Persistence of hepatitis C virus in peripheral blood mononuclear cells of patients who achieved sustained virological response following treatment with direct-acting antivirals is associated with a distinct pre-existing immune exhaustion status

Abstract

Hepatitis C virus (HCV) is a primary hepatotropic pathogen responsible for acute and chronic hepatitis C, however, it can also cause "occult" infection (OCI), defined as the presence of the virus' genetic material in hepatocytes and/or peripheral blood cells, but not in plasma/serum. Assessment of the sustained virologic response (SVR) after treatment with direct-acting antivirals (DAA) is based exclusively on HCV-RNA testing in plasma/serum, which may preclude the diagnosis of post-treatment OCI. Possible clinical consequences of OCI were described previously, but its occurrence after DAA-based antiviral treatment programs and determinants of the virus persistence are not fully elucidated. The aim of this study was to assess the incidence of post-treatment OCI after successful DAA-based treatment and to identify clinical and immunological factors associated with this phenomenon. In 97 patients treated with DAA, HCV-RNA was tested by RT-PCR in peripheral blood mononuclear cells (PBMC) at baseline (i.e., before the onset of treatment) and at the time of SVR assessment. Before treatment, HCV-RNA was detectable in all patients' PBMC. All subjects responded to therapy according to the clinical criteria, but 9 (9.3%) patients revealed the HCV-RNA in PBMC at SVR. In most of these cases, post-DAA OCI was related to switch of the dominant infecting genotype. Post-treatment OCI was characterized by significantly lower pre-treatment HCV viral load and lower expression of Tim-3 (T-cell immunoglobulin and mucin domain-containing protein 3) on CD8⁺ T-cells. Our results imply that post-treatment OCI may be related to lower pretreatment viral load as well as distinct pre-existing immune exhaustion status.
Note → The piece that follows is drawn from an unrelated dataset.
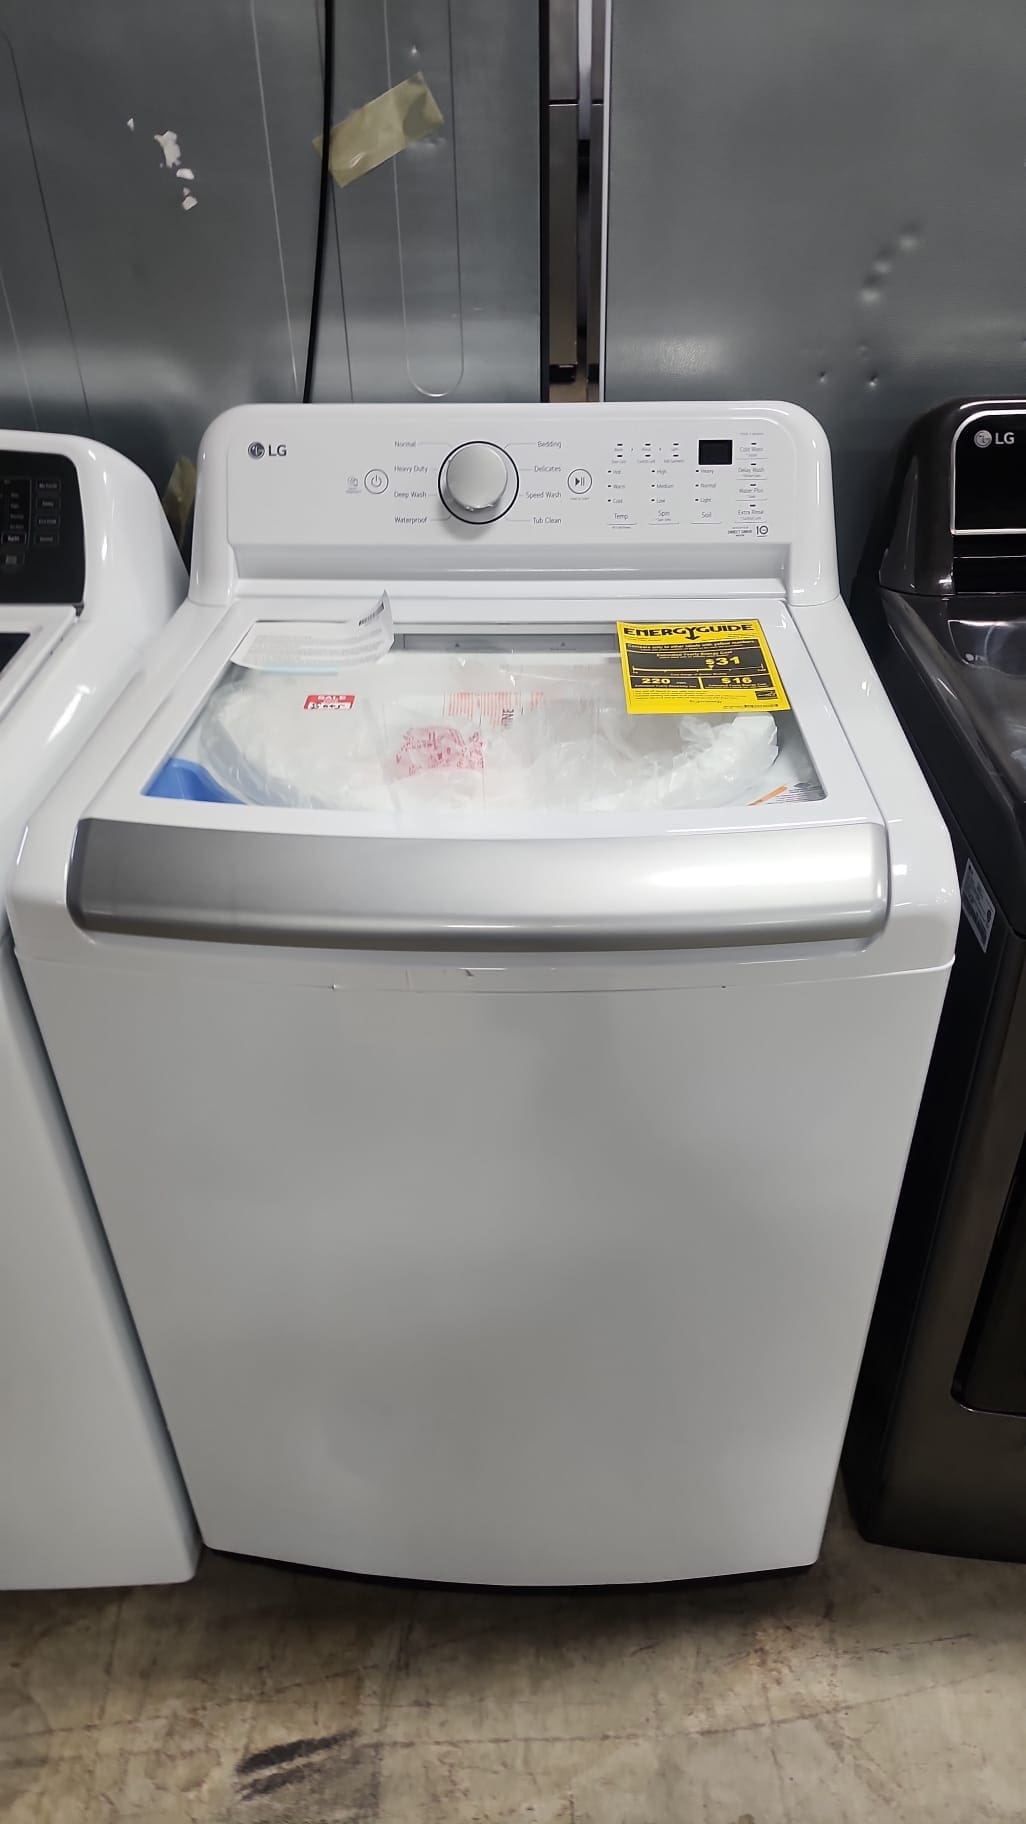 LG – New – 5.0 Cu. Ft. High-Efficiency Top Load Washer – White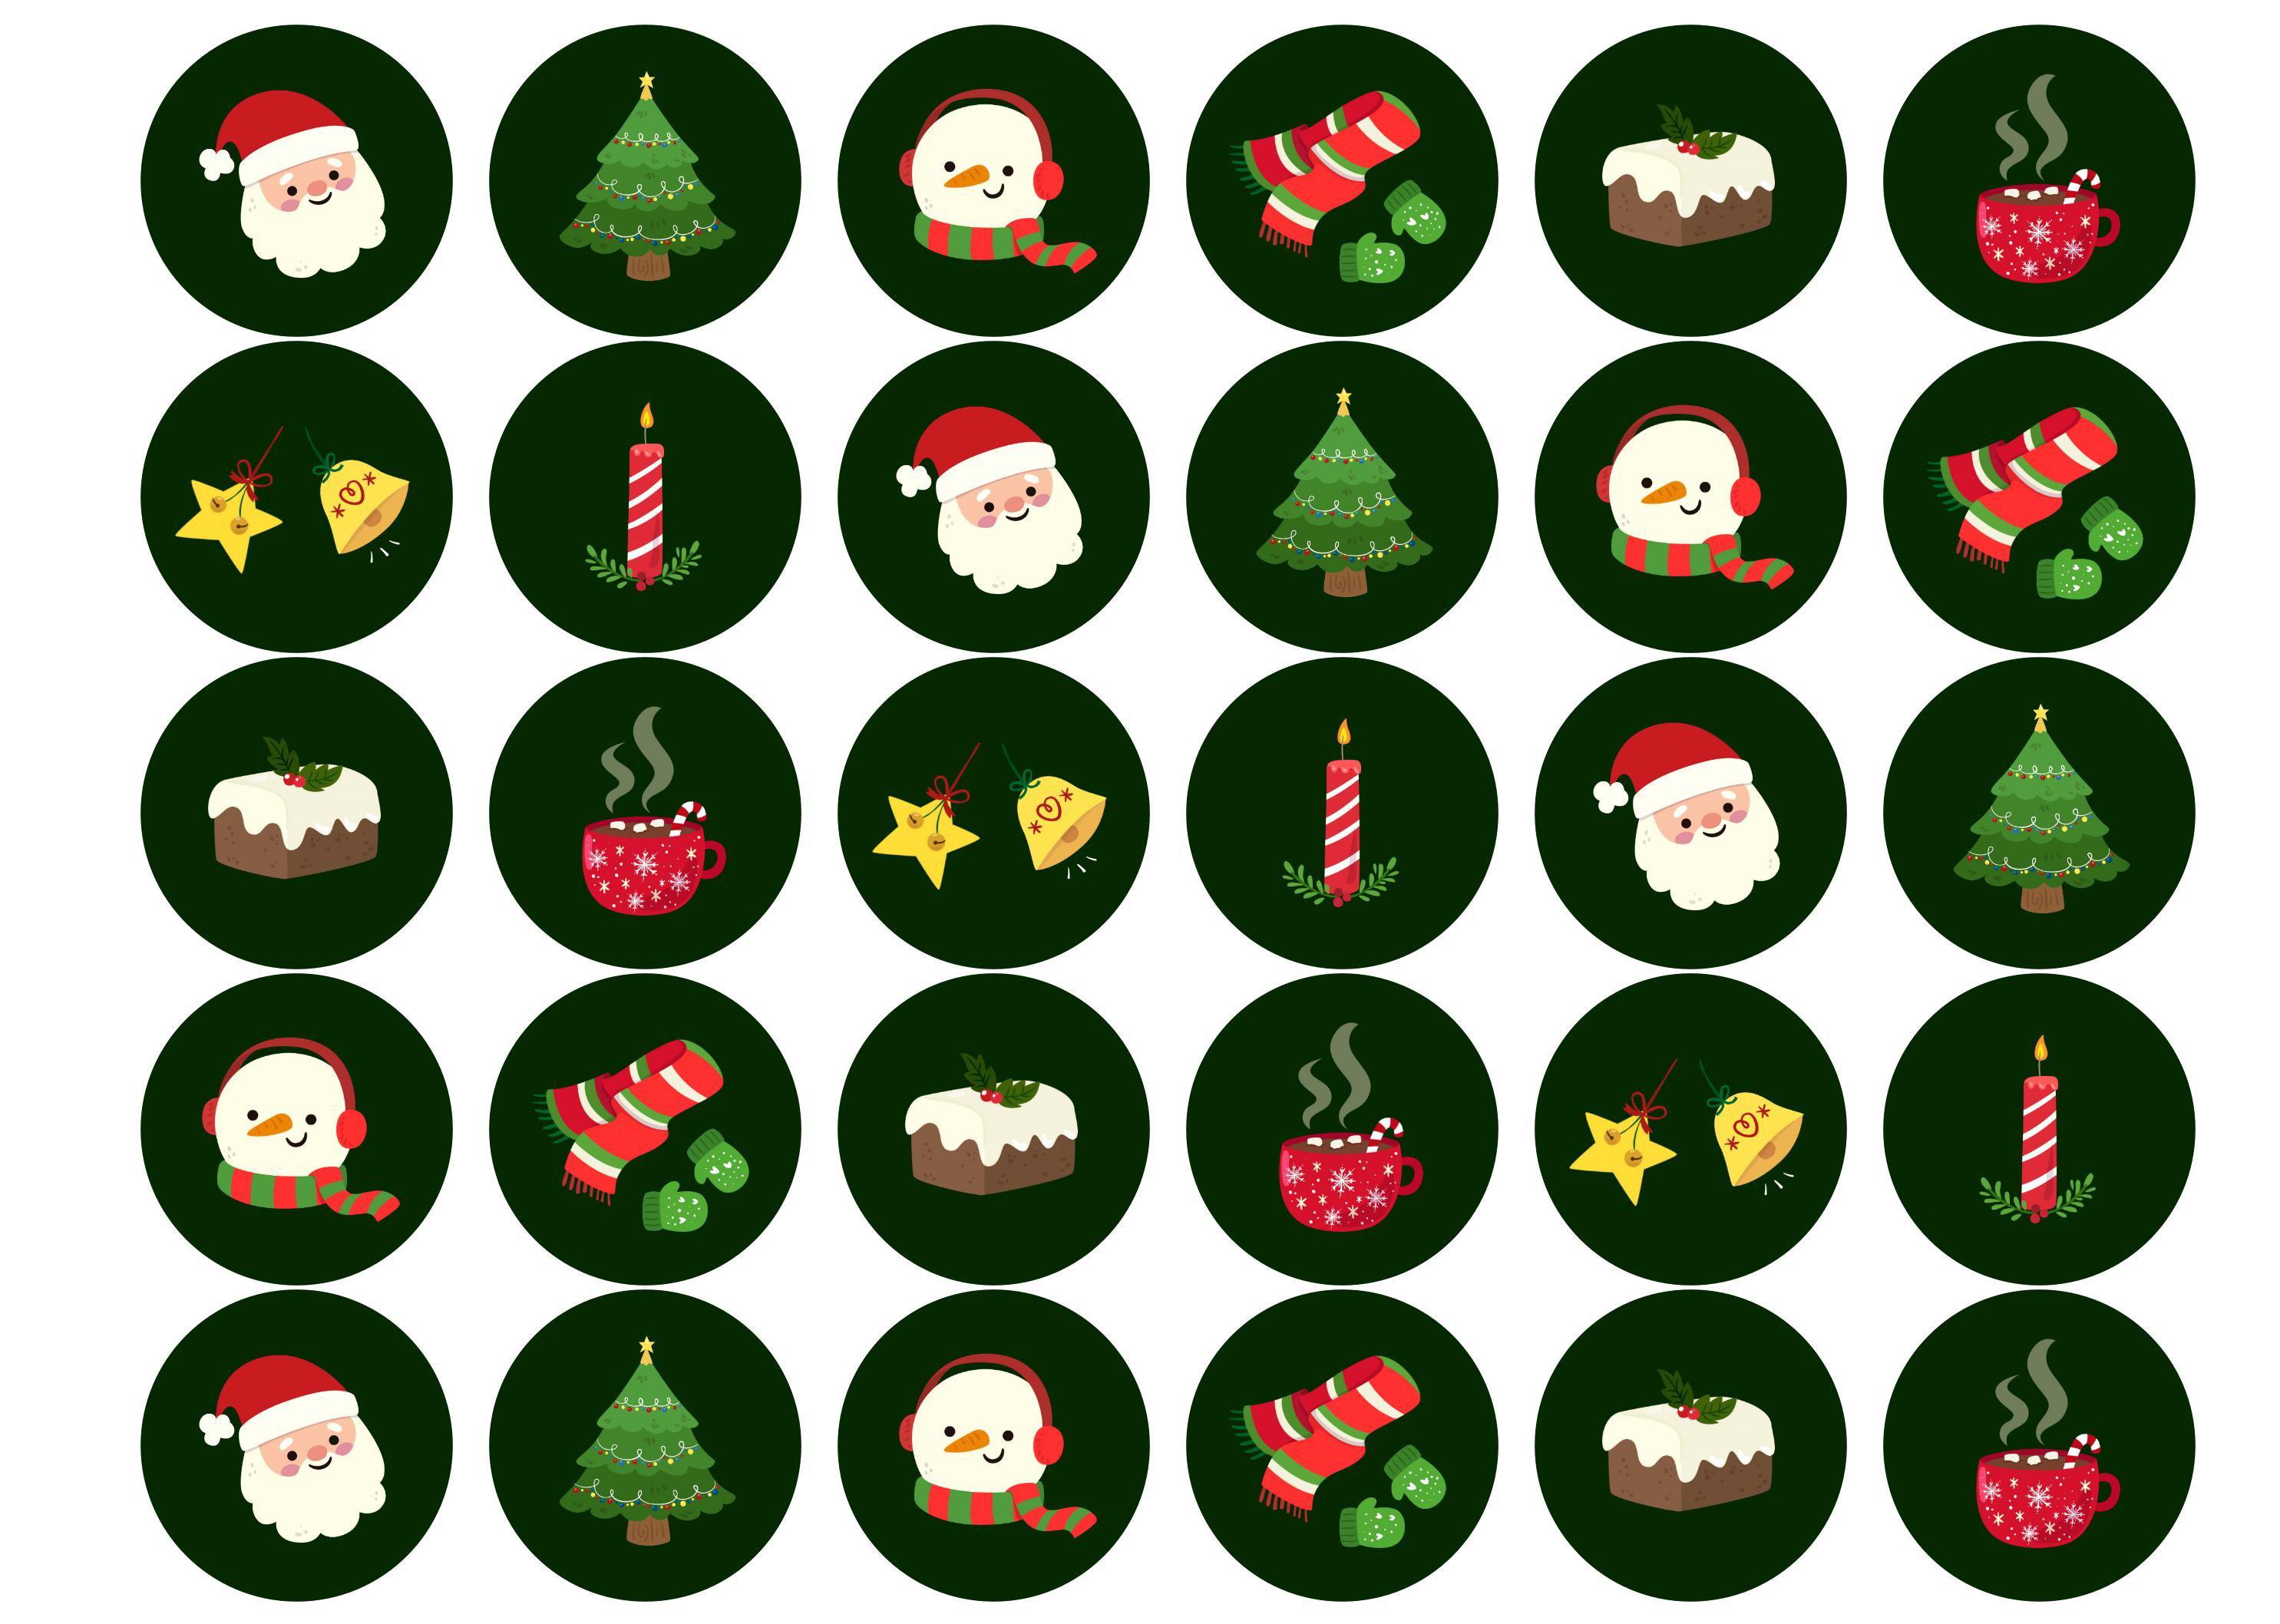 30 edible Christmas toppers with a range of Christmas images

Keywords: Direct-acting antivirals (DAA); Immune exhaustion; Occult HCV infection; Sustained virologic response (SVR).

Fig. 1

Baseline age (A), BMI (B), initial bilirubin levels (C), ALT activity (D), viral load (E), percentage of CD4⁺ (F) and CD8⁺ (G) T-cells in patients with undetectable (NO OCI) and detectable (OCI) HCV-RNA in PBMC after DAA treatment. Each point represents a single result, whiskers represent range, horizontal lines represent the median. P-value representing statistically significant difference in pairwise comparisons is indicated above the line.

Fig. 2

Flow cytometry analysis of percentages of CD4⁺ and CD8⁺ T-cells per total T-cells (i.e., CD3⁺) with membrane expression of PD-1 (A), Tim-3 (B) and PD-1 + Tim-3 (C) in patients with undetectable (NO OCI) and detectable (OCI) HCV-RNA in PBMC after DAA treatment. Each point represents a single result, whiskers represent range, horizontal lines represent the median. P-value representing statistically significant difference in pairwise comparisons is indicated above the line.

Fig. 3

Baseline and post-treatment levels of IL-10 (A) sPD-1 (B), sTim-3 (C) and sLAG-3 (D) in plasma in patients with undetectable (NO OCI) and detectable (OCI) HCV-RNA in PBMC after DAA treatment. Each point represents a single result, whiskers represent range, horizontal lines represent the median. P-value representing statistically significant difference in pairwise comparisons is indicated above the line. Pre-TX, before treatment, Post-TX, post-treatment.